But though cavernous spaces would not form throughout the interior of a planet, room would yet be found, even to the degree conceived by Frankland, for the waters of the planet. The greatest possible pressure to which the most solid rock can be exposed would not fill the capillary spaces which exist throughout the material of the rock, while the pressure on the water at great depths would force it into even minuter than capillary spaces. This has been conclusively shown during experiments entered upon for another purpose, viz., to determine the compressibility of water. For when in 1661 Florentine academicians tried to compress water which had been enclosed within a globular shell of gold, they found that the water under great pressure forced its way through the pores of the gold, and stood on the outside of the globe like dew; and since that time the experiment has been repeated with globes of other metals, a similar result being obtained.
It follows from these considerations, that, as a planet cools, more and more space is formed for the retreat of the planet's seas; and that in all probability in the extreme old age of a planet, when its whole frame to the very centre has been sufficiently cooled, space enough is thus formed to hold all the water which had once adorned the planet's surface.

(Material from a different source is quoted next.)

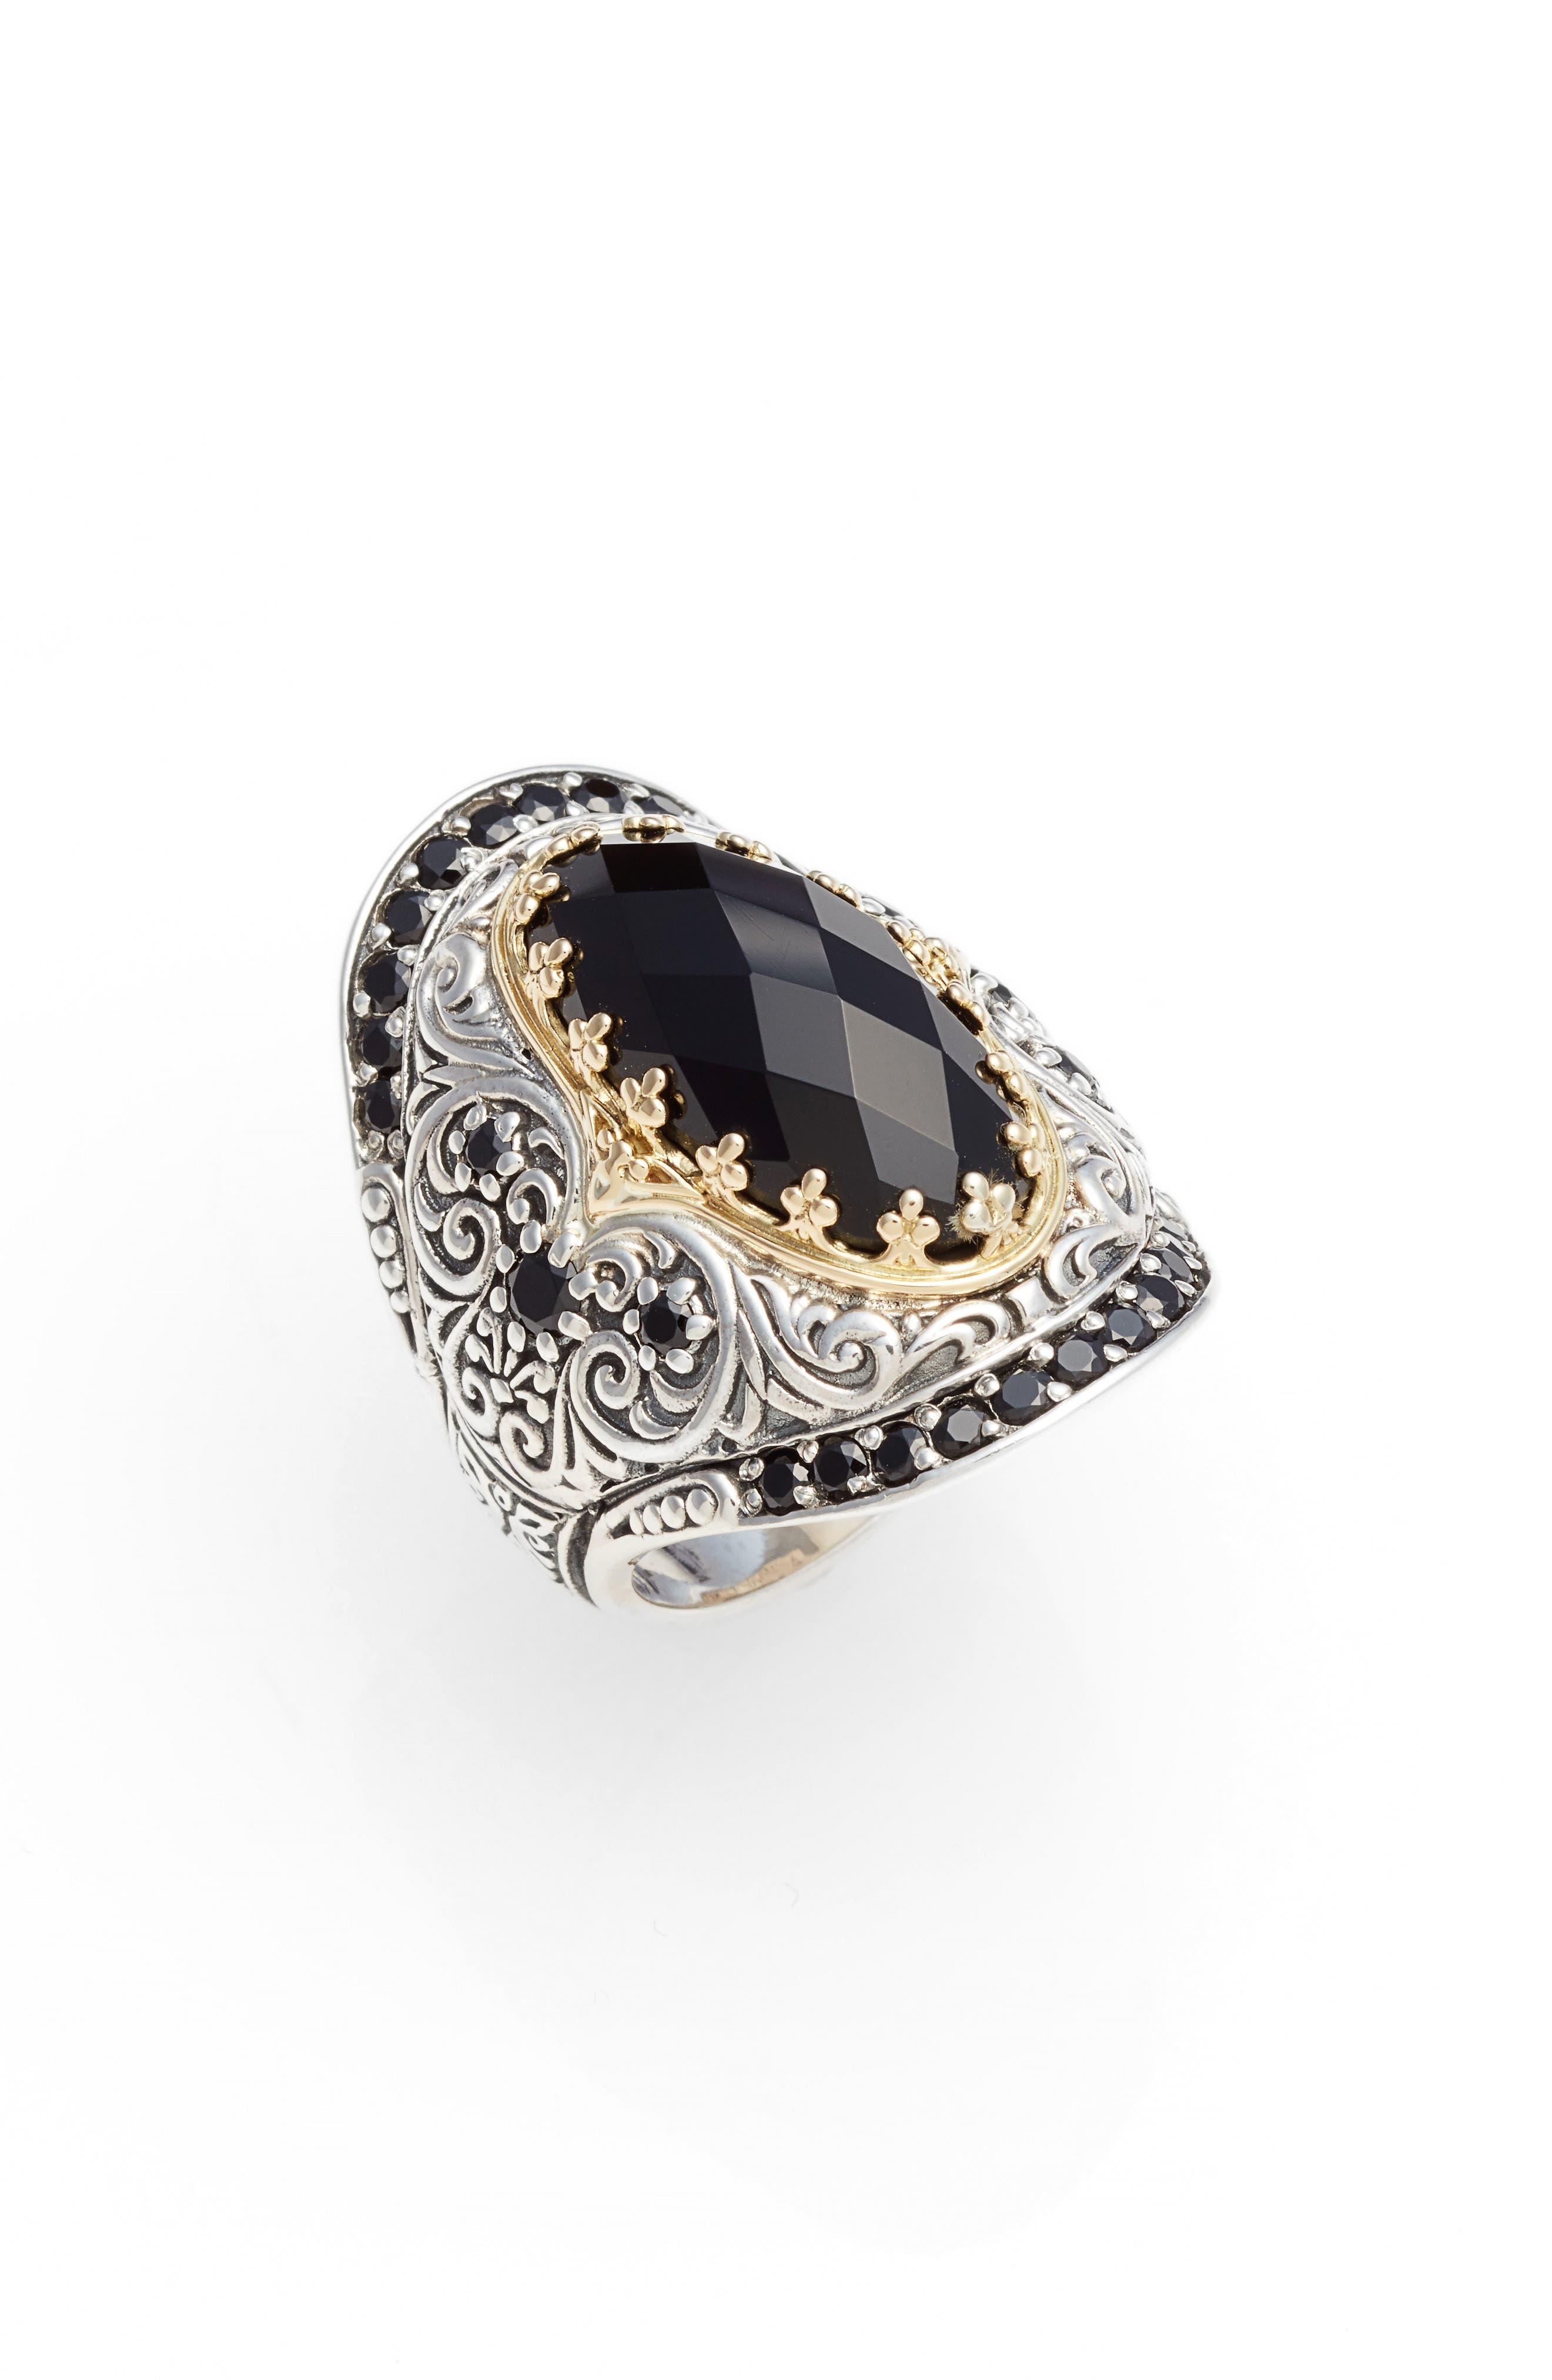 Selene Saddle Ring,                             Main thumbnail 1, color,                             SILVER/ GOLD/ BLACK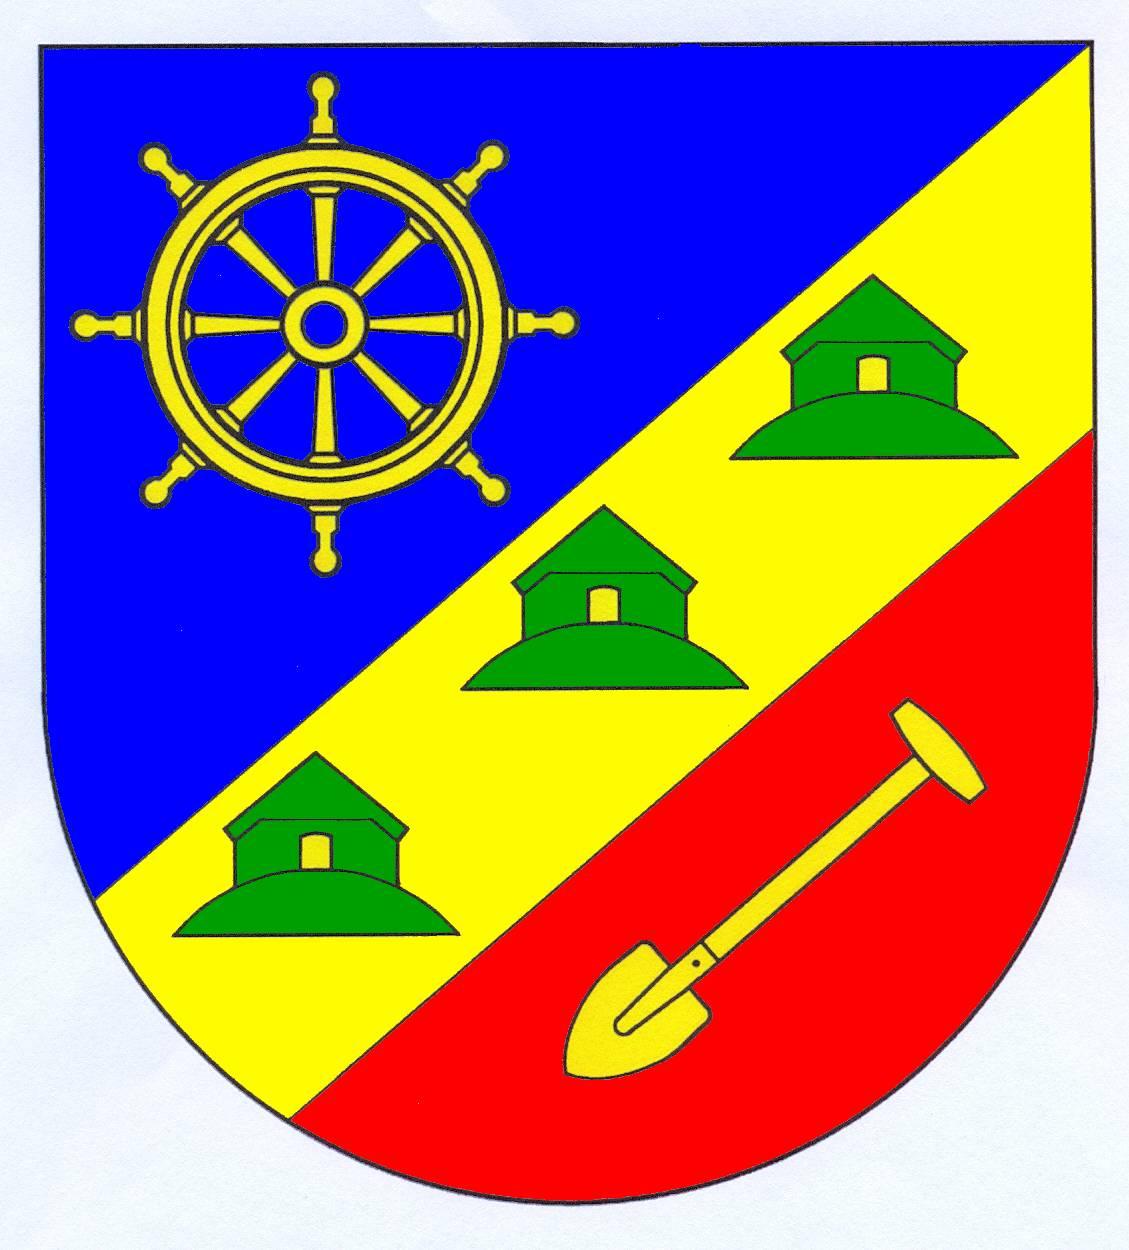 Wappen GemeindeDagebüll, Kreis Nordfriesland

If we consider the whole history of the moon's cooling, partly as indicated by her actual aspect, partly by the evidence given by the aspect of other planets, and partly as justly inferrible from the laws of physics, we shall find abundant reason for believing that her seas at any rate might thus have been withdrawn. During the earlier stages of a planet's history, considered in the essay entitled "When the Seas were Young," the seas are floating in the form of cloud and vapor above the planet's surface. In the next stage, when the crust is still hot, but not too hot for the waters to rest upon it, the process of cooling must take place more rapidly in the crust of the planet than in the planet's interior. All this time, then, the crust would be con-